Picture: for illustration purposes
As South Africa finds itself plunged deeper into an electricity predicament, the grim reality of a future in perpetual darkness looms ever closer. State-owned utility, Eskom, the entity currently responsible for the vast majority of South Africa's power, teeters ominously on the cliff's edge of irreversible collapse. In a column for BizNews, economist Nicholas Woode-Smith argues the antidote lies in breaking the state monopoly: privatising our way out of darkness.
Securing her grim place in history, 2023 marked the most instances of load-shedding. Eskom, shouldering R420 billion in debt and owing a staggering R63.2 billion to municipalities, now watches as more customers move off the grid, their contributions erased from the debt repayment equation.
Current government interventions reveal glaring cracks in their structural foundation. The Electricity Regulation Act Amendment Bill's failure to be tabled ahead of year-end roll out casts doubt on plans to establish a Transmission System Operator (TSO). This crucial step towards a competitive electricity market may splinter due to political incompetence or interference.

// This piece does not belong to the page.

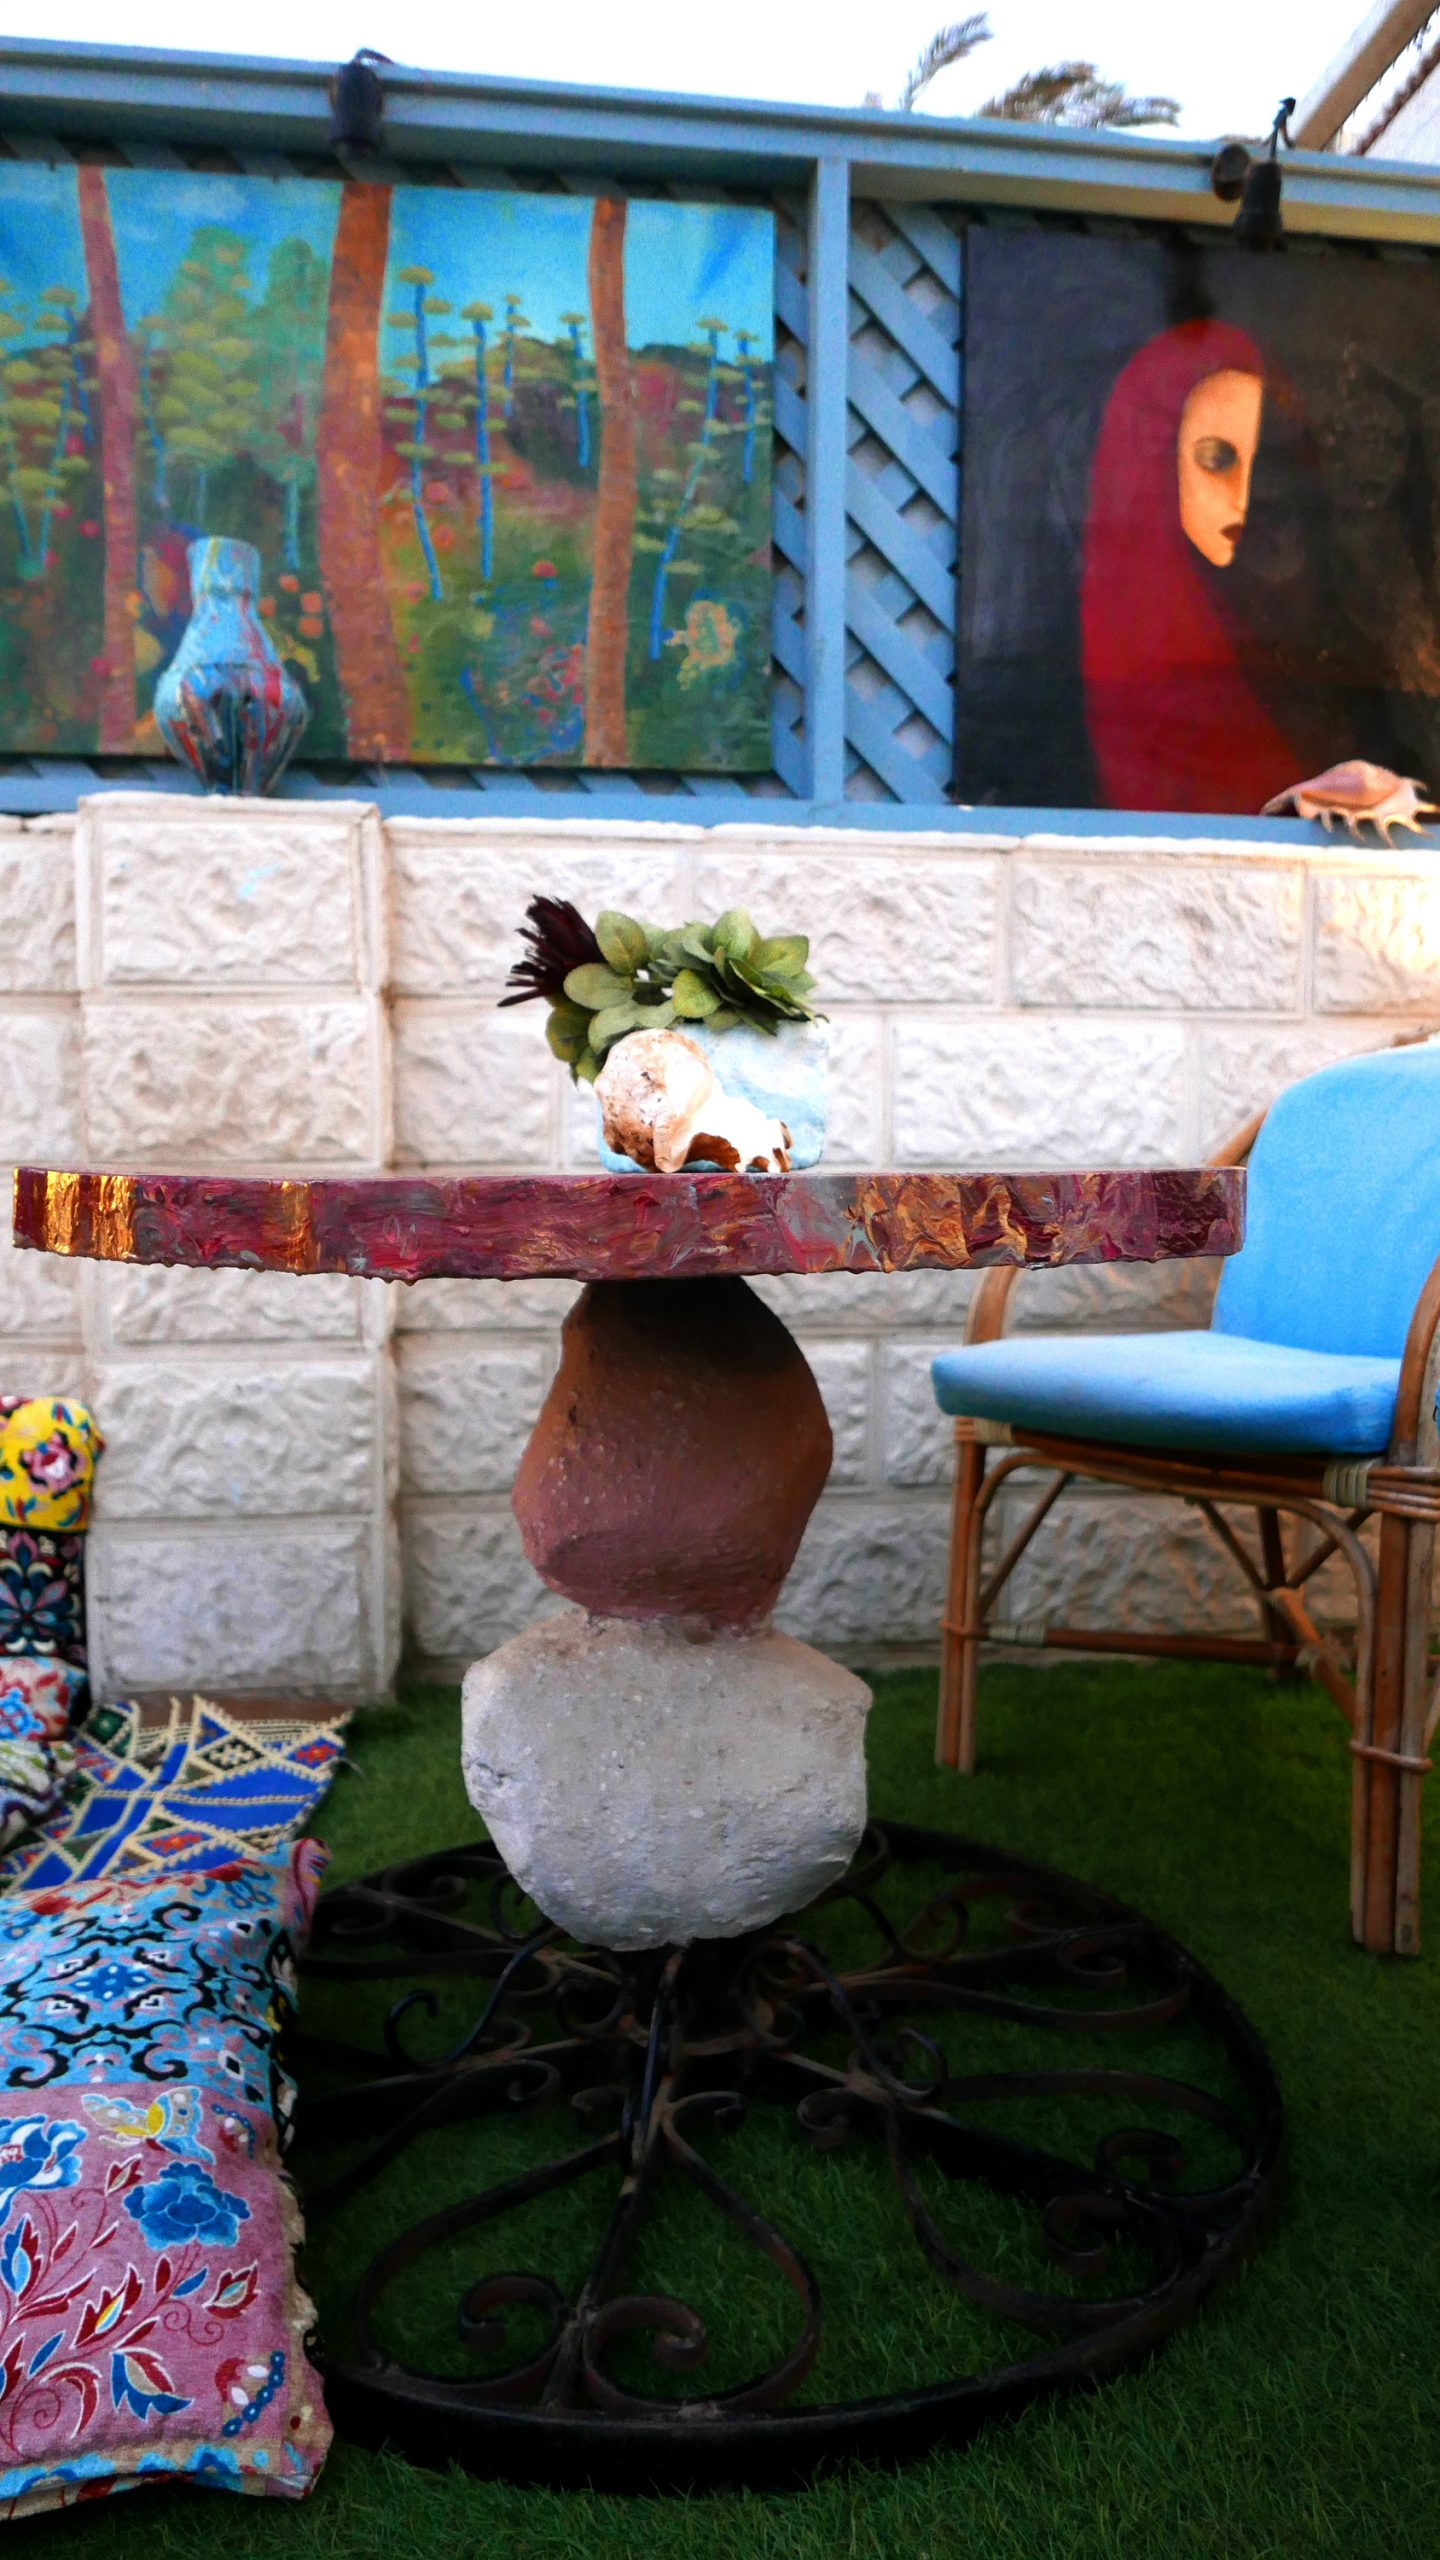 sky rock dahab art hotel egypt travel films

Woode-Smith sharply criticises the ANC's unenthusiastic attitude towards private sector involvement in electricity production. Eskom's myriad problems, he maintains, won't be resolved by half-measures like Virtual Wheeling, a system allowing private producers to sell electricity to Eskom.
In an unforgiving critique of Eksom's structural flaws, Woode-Smith highlights the intrinsic issues of a government-mandated monopoly: the absence of satisfactory incentive to perform and political appointments providing fodder for corruption and misuse. Deep-seated problems, he asserts, lie not simply in petty politicking, but the politicised foundation upon which Eskom was built.
The solution? Radical privatisation. South Africa's electricity crisis needs a total unbundling of Eskom's assets, a decoupling of transmission systems from state control, and a fully deregulated electricity industry that rewards private, revenue-driven companies for their efficiency, sustainability, and independence from political ties. Only then, Woode-Smith argues, can we prevent further political exploitation and save our electricity industry from a blackout.